GARDEN GRATIFICATION
Like many gardeners, I like to start planning (even if it’s
just in my mind) my summer vegetable/flower gardens in the coolness of winter.
Watching seedlings sprout somehow brings a sense of expectation; a hope that
Spring and warmer weather is just around the bend. Yet, after the danger of
frost, transplanting those seedlings is when the real work begins: digging,
pruning, weeding, watering, and guarding against pests large and small;
cultivating a garden is a lot of work.
For example, weeds. We don’t like ‘em. We don’t want ‘em.
But they are always there. In fact, sometimes they grow taller, stronger and
fiercer than the actual crop we want to reap. Being the controlling type, I’ve learned
early on that you simply cannot control a garden; it controls you. If it rains
for a week and the sun suddenly shines, you run to tend it. If little insects
or chipmunks try to take possession, you lovingly screen it. If there is a
drought, you’ll stand for hours with the water hose tangled around your ankles,
no problem. A garden is a bit like having children; it forces you to reorganize
your life. But, after a crazy, nerve-racking day at the office, nothing soothes
the mind more than working the soil and breathing in the solitude. As a result,
I’ve come to look at those weeds as survivors and as I pluck them from my
garden, I envision the idea they are just trying to find their way into the
world of horticulture.

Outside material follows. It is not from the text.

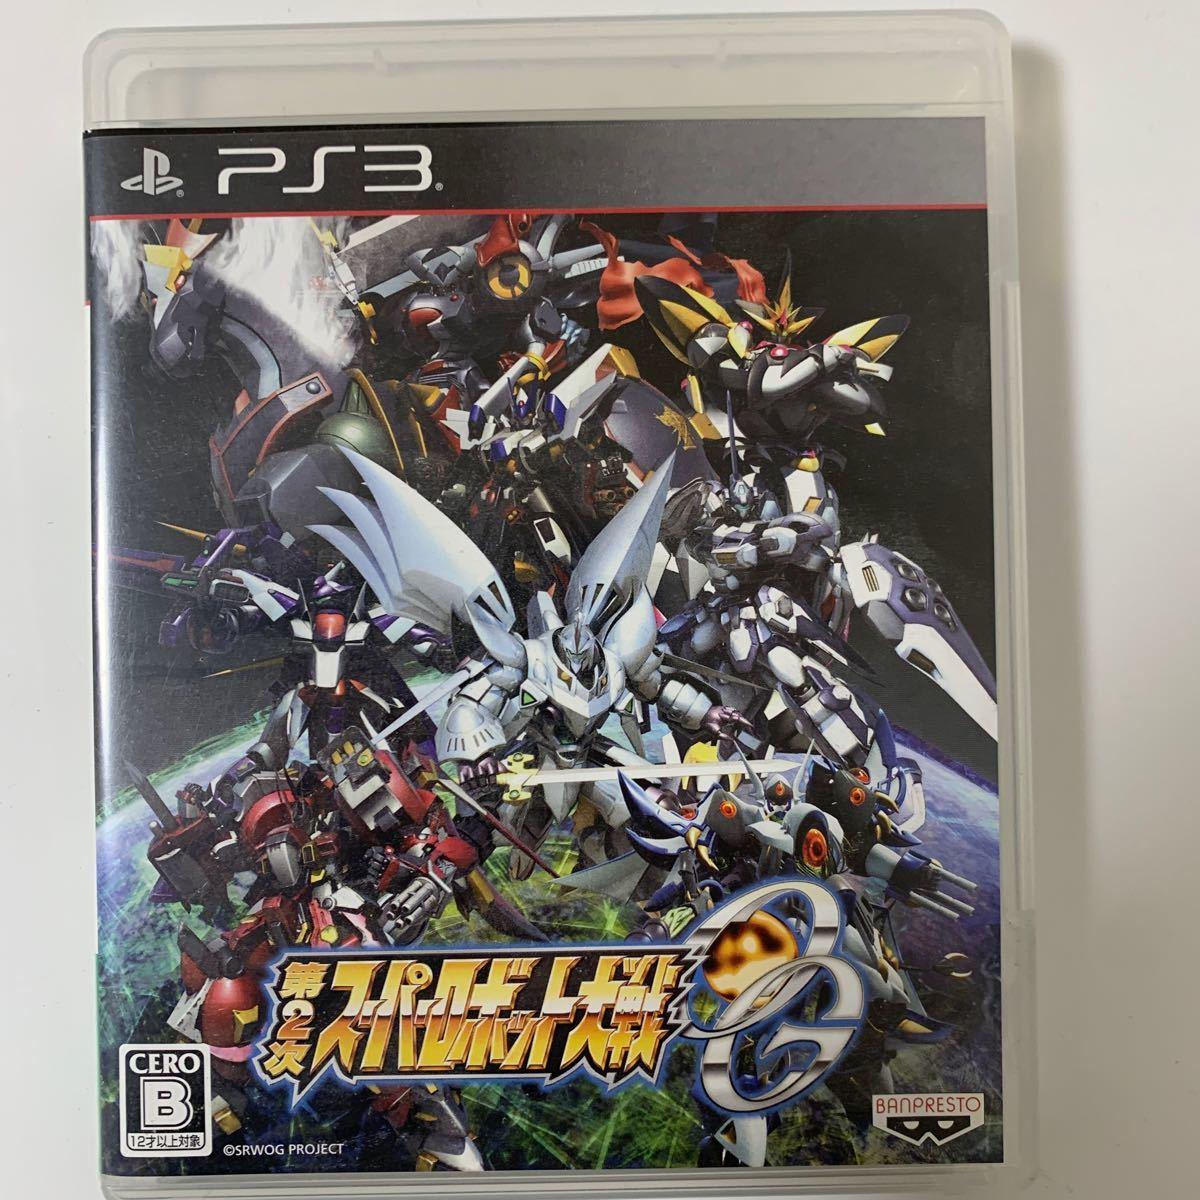 【PS3】 第2次スーパーロボット大戦OG [通常版]ジャンク品

After all, with all that attention, who wouldn’t want to
be in a small plot of Utopia?
When you garden, you leave behind all technology (Facebook!
Email! Instagram!) and learn to converse with the simple pleasure of listening
to bird song, feeling air movement and smelling outdoors fragrance. Yes,
pandemonium and clatter are replaced with hushed, tranquil quietness. The
garden becomes a small bit of area that only the care taker occupies; a selfish
sense of space. Why do I say selfish? Because once you have found this, it is a
pleasure you don’t readily share with others for fear everyone will want to do
it and then it will be all commotion and hullabaloo. Yes, once discovered what
contented peace a plot of growing vegetation can bring, even the glimpse of an
aircraft disturbing airspace solitude can cause a frown of irritation.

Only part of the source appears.